It's sort of like that old comedy routine:
Mike: John, you have pretty unusual tastes in music, are you--
John: No, I'm not gay! Who told you I was gay?! That's a goddamn lie and I don't know how that damn rumor got started!
Mike: Um... I was... going to ask if you were a fan of Bjork.
John: Oh... um... right....
Mike: Which brings <ahem> me to my next question...

And because it's couched in divisive accusatory terms
If would be much easier to support that argument if it ACTUALLY WAS couched in divisive, accusatory terms. The broader problem is the fact that you feel divided and accused by what the statement represents doesn't make the statement untrue. Nor does it change the fact that you are at least as insecure about your past as black people are about their futures.

When this discussion comes up, you have a simple choice: guard your insecurities and expect others to be sensitive of them*, or move PAST those insecurities and think constructively. BOTH parties actually have this same choice, the only difference is the what they're insecure about.

Perhaps if the conversation started with "A part of our history involved a systematic discrimination against a group of people for no reason except the color of their skin and their racial heritage. As a result of that systematic historical discrimination, many problems persist in our society that haven't been fully addressed."
Because the only way you're willing to rationally discuss the subject is if the entire world goes out of its way to avoid mentioning the IDENTITY of the people who implemented that system in the first place.

*But they won't, because they don't know or care what's going on in your head, and frankly they shouldn't have to psychoanalyze you just to have a coherent discussion about sensitive topics.

See how there's no "you" or "your" and no "my" or "I"? There's no divisiveness
There's also no recognition of the problem.
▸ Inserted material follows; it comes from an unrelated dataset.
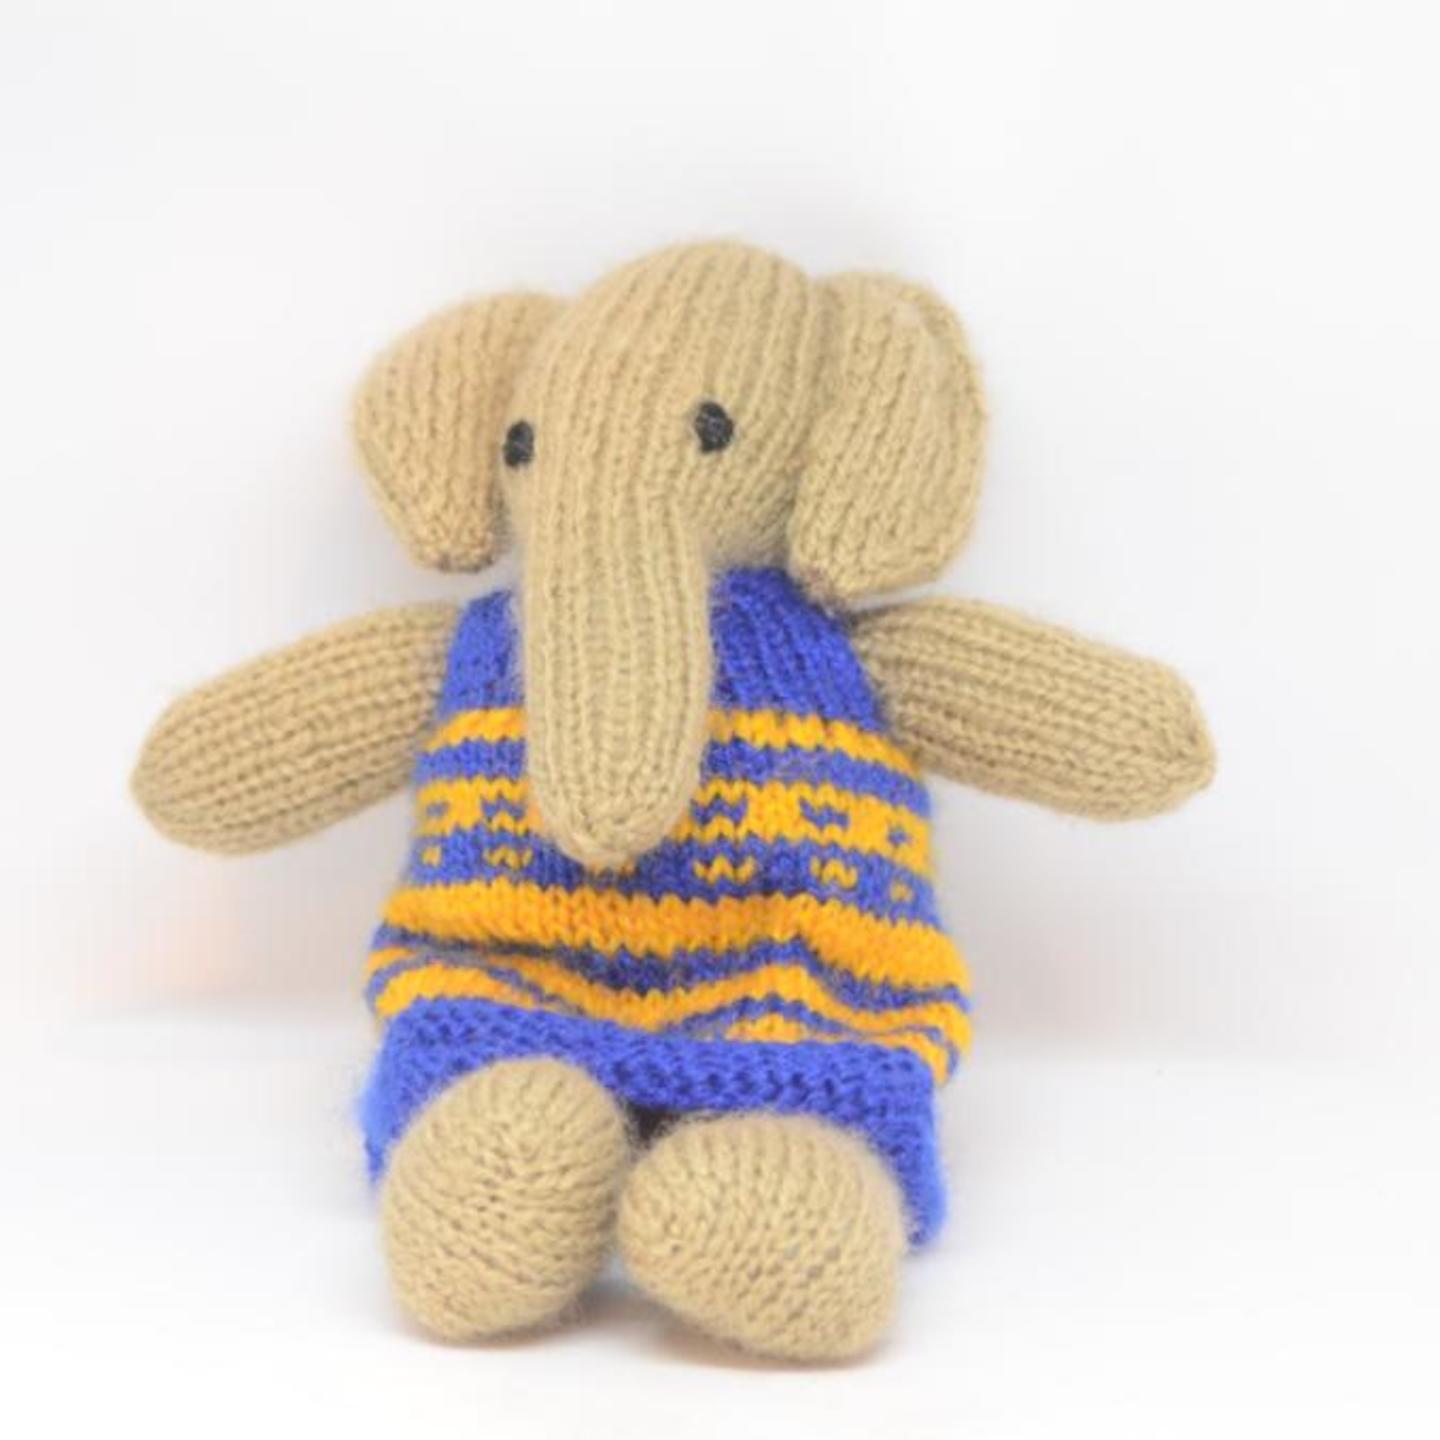 Hand knitted Elephant

That's the thing you seem to be missing in all of this: the disparity of advantages is part of the problem.

Put that in the context of two roomates arguing over the rent:
Mike: "So, I have forty thousand dollars in student loan debt, and you have a trust fund because your parents are oil tycoons..."
John: "I fail to see how holding me accountable for the actions of my parents, and expecting me to feel guilt and remorse over what someone else did, in any way changes the fact that you haven't paid your half of the rent."
 
The generation that grew up in the great depression was prosperous by the 1950's and 1960's. So 20 - 30 years?
They had the post WW II economic boom to take advantage of and that blacks were largely prevented from taking advantage of.
Not all of them. That actually counts as a pretty strong data point too: it's been my experience that black families that at present time find themselves solidly in the middle or lower-middle class are usually descended from those that managed to get in on the post-war boom. The most common method is through the GI Bill: black soldiers returning from the war were able to get college educations and subsidies that opened opportunities they never would have had otherwise. The second most common seems to be public sector jobs (e.g. teachers, postal workers, public transportation). Union jobs was another contributor, but not all unions actually were inclusive of black workers (some of them still aren't).

By the 1970s, the momentum from the postwar boom had started to dry up; the oil crisis siphoned a lot of strength out of the economy, and and black workers who were already marginal -- both by tradition and by lack of specialization -- were the first to feel the burn. Those families that were already middle class by then were able to survive until things started to improve in the 80s; those that were still blue collar got pushed WAY to the back of the line and ended up in the ghetto.

Basically, the entire working class had its knees kicked out from under it in the 70s and the 80s and barely recovered in the aftermath; working class blacks were already highly vulnerable at the time, so they were hit the hardest. At the end of the day, reconstruction of the working class IN GENERAL would be beneficial; in that case, the only outstanding question is how to create safeguards so the most vulnerable subgroups of the working class don't get screwed over if the economy goes into another decline.
 
The defensiveness occurs, in my opinion, because the topic is introduced in an accusatory manner...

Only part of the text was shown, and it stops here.